Noel Baba’dan İzmir İçin Dileklerimiz


Aralık ayının sonu geldiğinde Noel kutlamalarıyla karışan yeni yıl kutlamaları şehirleri rengarenk ışıklara boyar. İzmir’de de dünayadaki pek çok büyük şehir gibi meydanlar, işlek caddeler, mağaza vitrinleri rengarenk ışıklarla, süslerle donanır. Ofisler, evlerin balkonları da yeni yıl coşkusundan nasibini alır. Yeni yılın heyecanını yeni yıl konserleri, kermesler, defileler, yılsonu partileri 31 Aralık gününün akşamına kadar yükseltiyor. Yeni yıl için tutulan dileklerin listesi ise 1 Ocak 00.01’e dek uzayıp gidiyor.
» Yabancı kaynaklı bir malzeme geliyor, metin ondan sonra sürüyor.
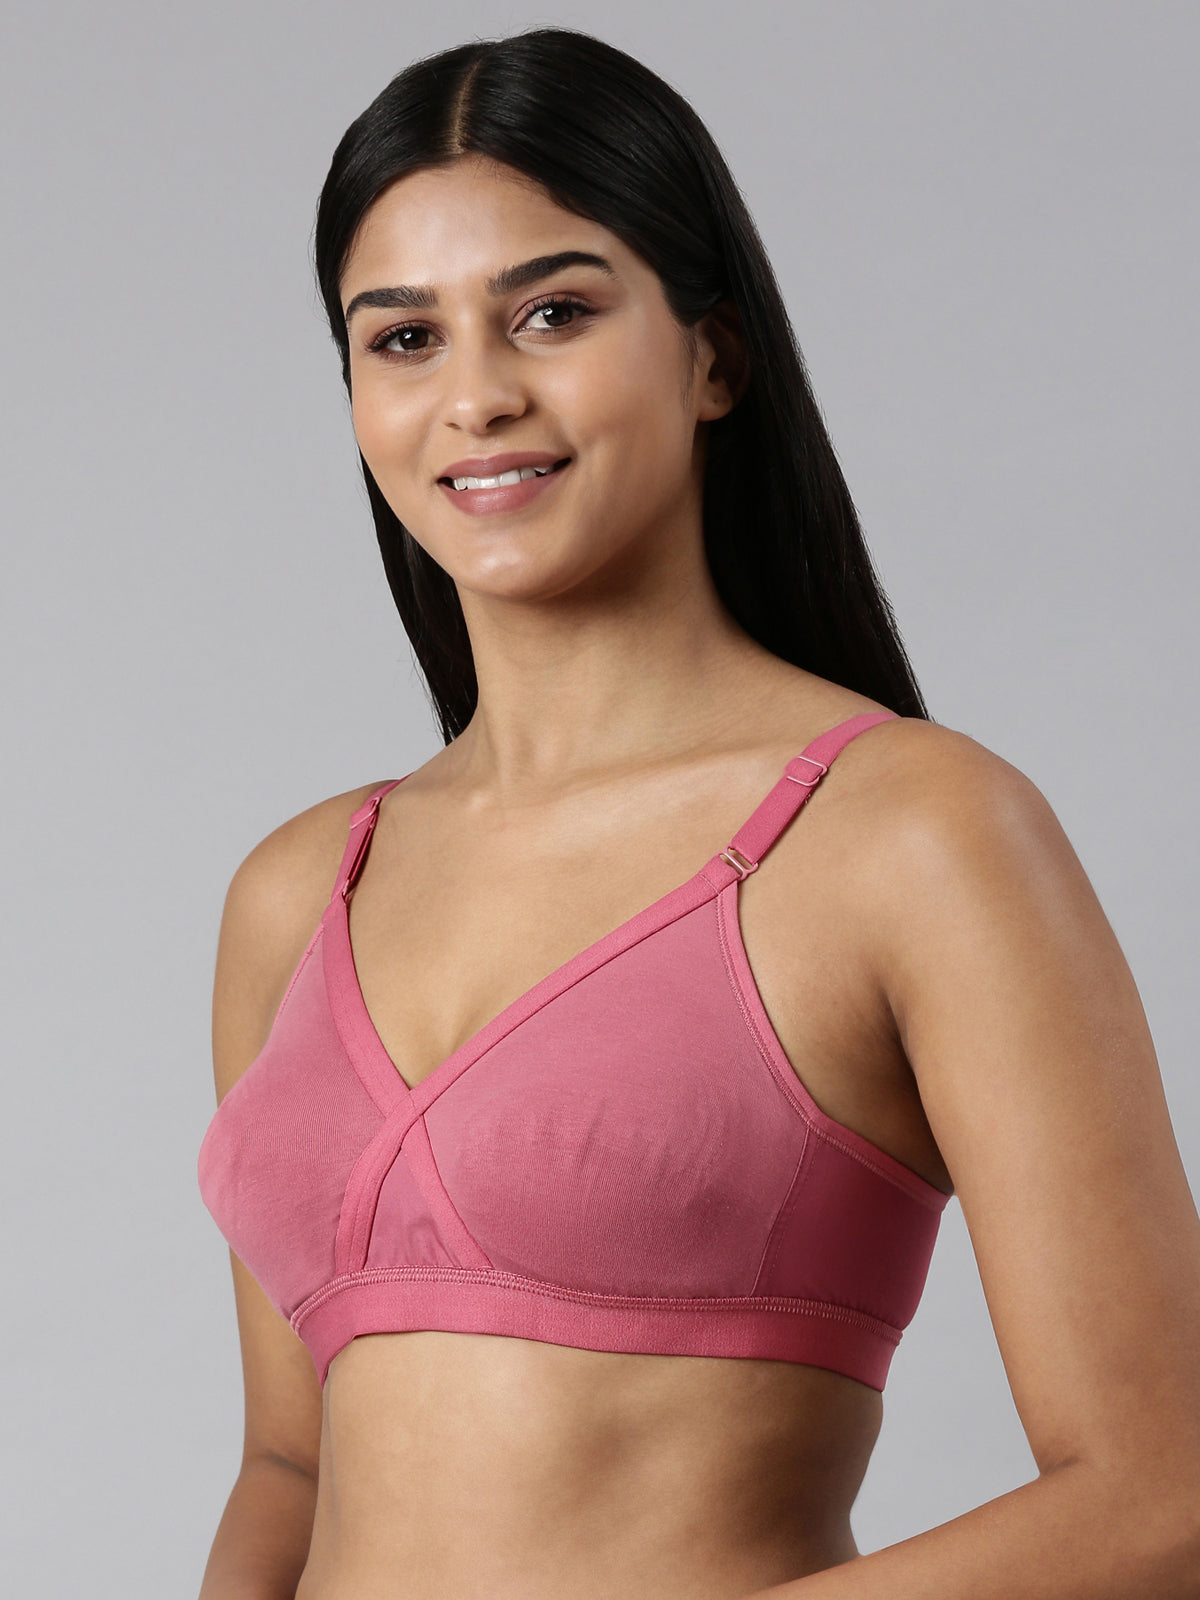 blossom-cotton cross-rose gold3-Woven knitted-support bra

2011 yılının gelişi İzmir’i ayrı bir kimlik olarak düşünürsek o kadar da ümit verici değil, tersine biraz buruk, biraz tatsız. Çünkü kentin kalbine giden yollar delik-deşik, bypass ameliyatının bitmesini bekliyor. Birçok cadde, sokak kapalı, yollar sokak arasından geçiyor, hemen her sokak başına “dönülmez levhası” konmuş. Ama yol tarifleri artık şöyle: dar sokağa gir, dönülmez denilen yerden dön, karşına araba çıkarsa sağa çek, bekle... Yollar yanında kaldırımlar da doğalgaz adına  paramparça, parklar bakımsız ve kedi-köpek tuvaleti haline gelmiş. Yeni açılan hızlı trendeki aksaklıklar bir nebze tazelenmiş umutları da kırmış. İşsizlik oranı özellikle üniversite mezunlarının belini bükmüş. Küçük ölçekli iş sahiplerinin içinden kurtulmaya çalıştıkları borç batağıyla ilgili beklentilerine de pek çıkış yok gibi gözüküyor. Bu umutsuzlukların yanında İzmir’in tüm ilçeleriyle ve merkeziyle bir turizm ve sanayi kenti olarak tanıtımı için çaba gösterenlerin sayısında şimdilik hissedilmeyen artış var. Farklı kanallardan kentin farklı yönlerini ön plana çıkarmayı amaçlayan ve dolayısıyla kente dünyanın dört bir yanından turistleri, çeşitli etkinliklerle işadamlarını, bilimadamlarını, sanatçıları getirmeyi amaçlayan birçok formül aranıyor. Bu arayışlar ve adı yeni konan projeler bile kentin canlanması için uğraşan insanların var olduğunu gösteriyor. Yani İzmir’i yeniden canlandıracak ve rekabet avantajını arttıracak umut ışıltıları yok, değil.

Kentin kanayan yaralarına, delik deşik olan yüreğine rağmen yine de yeni yıldan İzmir için uzun bir dilekler listesi çıkarmak mümkün. Kırmızı kukuletalı tonton Noel Baba’dan 2011 yılı için neler isteyebiliriz?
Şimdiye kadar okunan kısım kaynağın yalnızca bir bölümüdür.